## Dataset excerpt

____________________

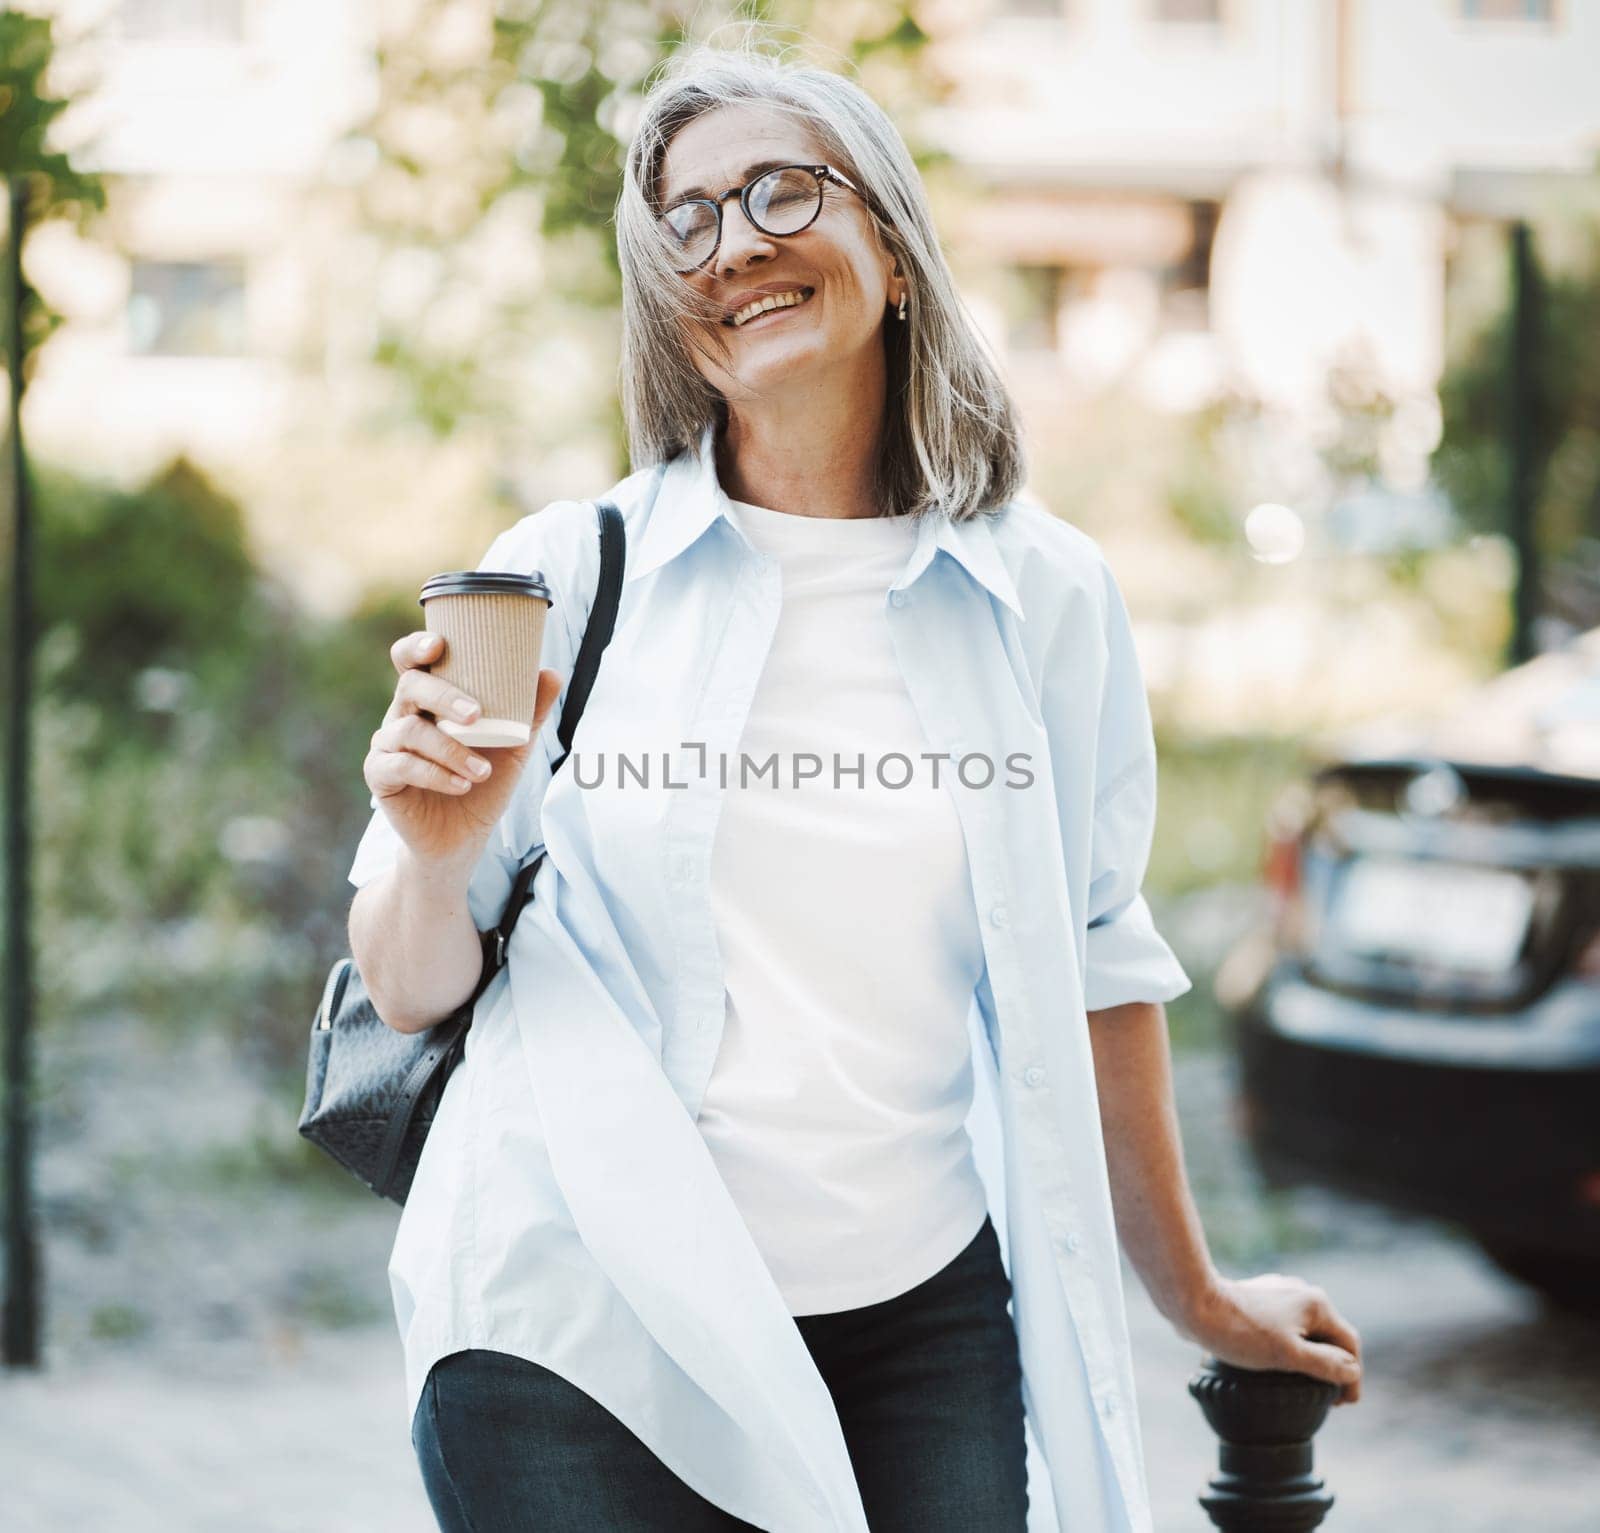 Woman in good mood, radiating happiness and contentment with life. The image features lady standing on a street, exuding joyful and carefree demeanor. . High quality photo
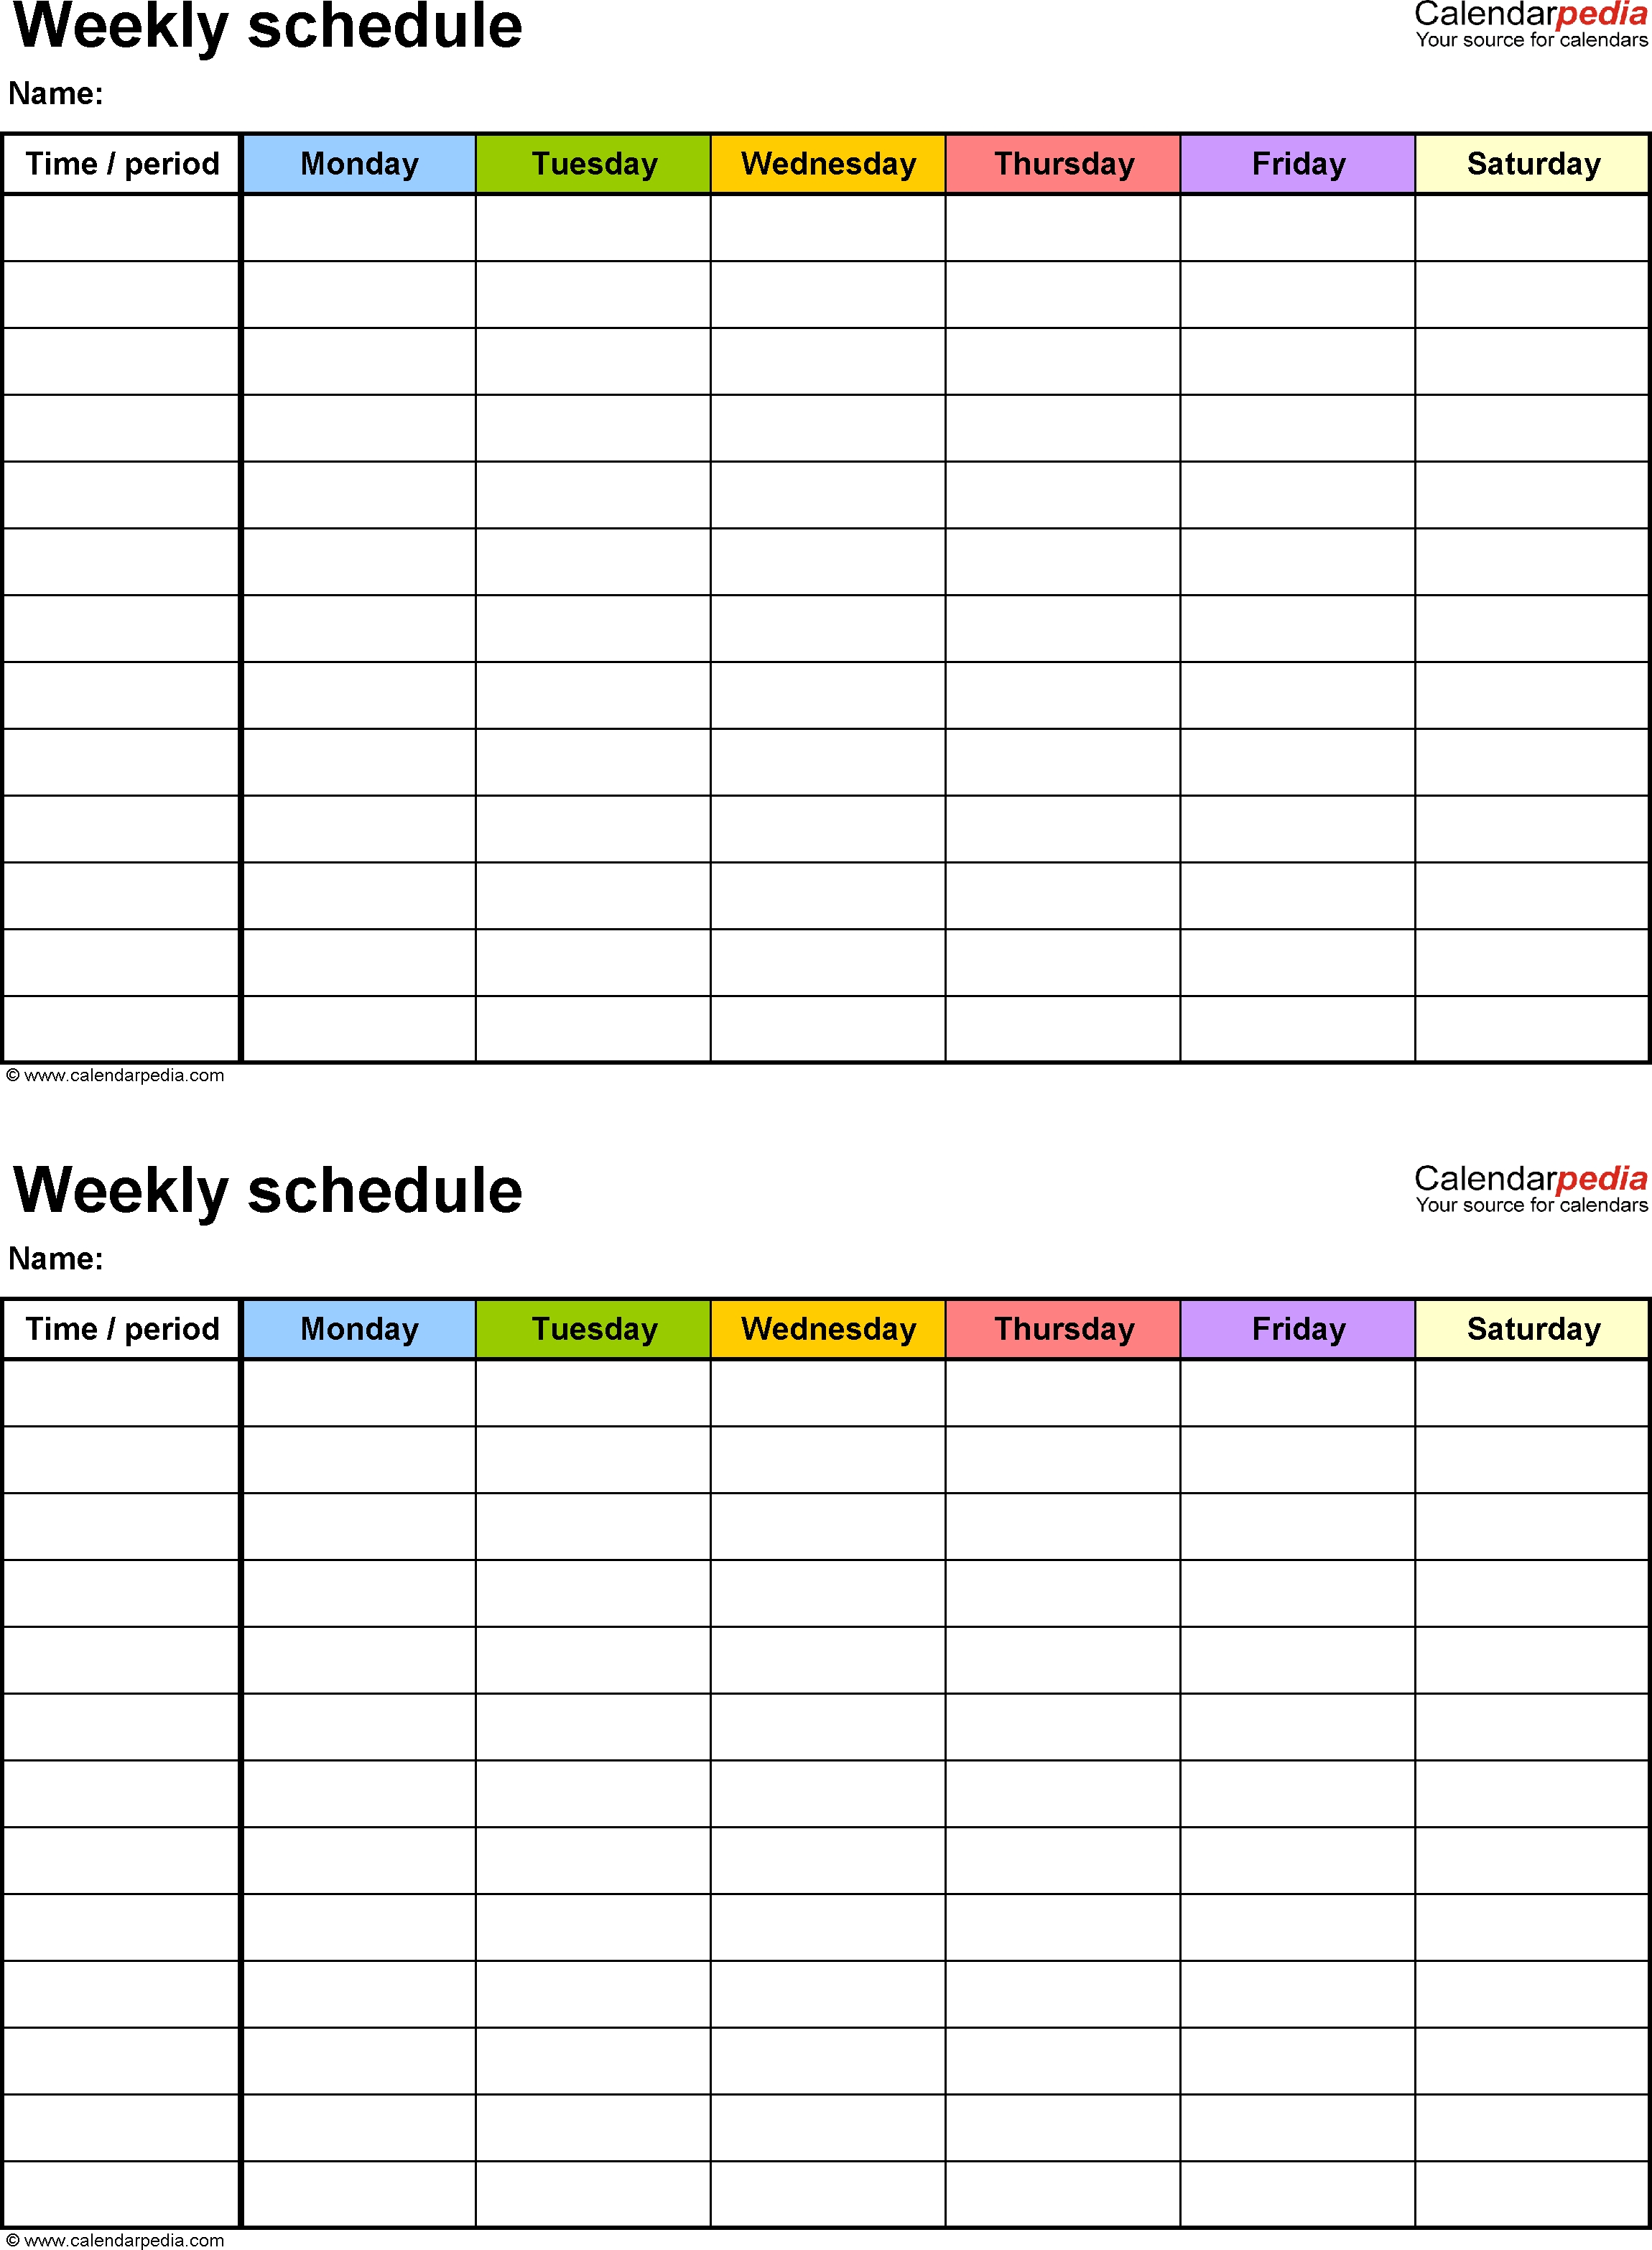 Free Weekly Schedule Templates For Word - 18 Templates inside 7 Day Calendar Template Free
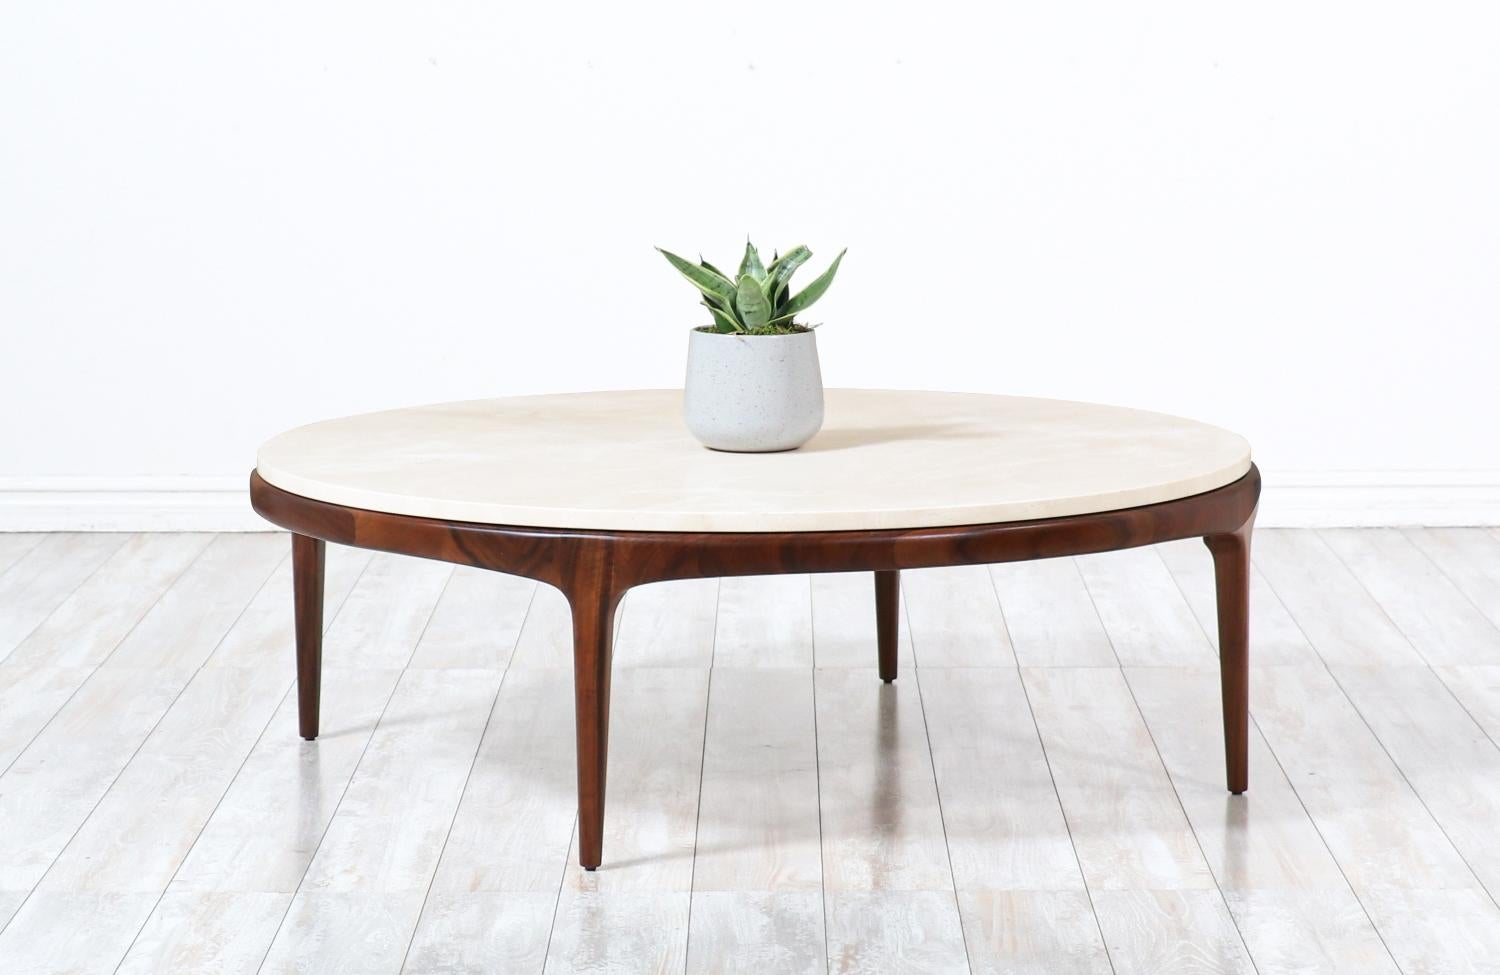 American Mid-Century Modern “Rythm” Coffee Table with Crema Marfil Stone Top by Lane

____________________

## Brief
Output the full listing verbatim; pictures stay out.

## Expected answer
 Woman in good mood, radiating happiness and contentment with life. The image features lady standing on a street, exuding joyful and carefree demeanor. . High quality photo
 Free Weekly Schedule Templates For Word - 18 Templates inside 7 Day Calendar Template Free
 American Mid-Century Modern “Rythm” Coffee Table with Crema Marfil Stone Top by Lane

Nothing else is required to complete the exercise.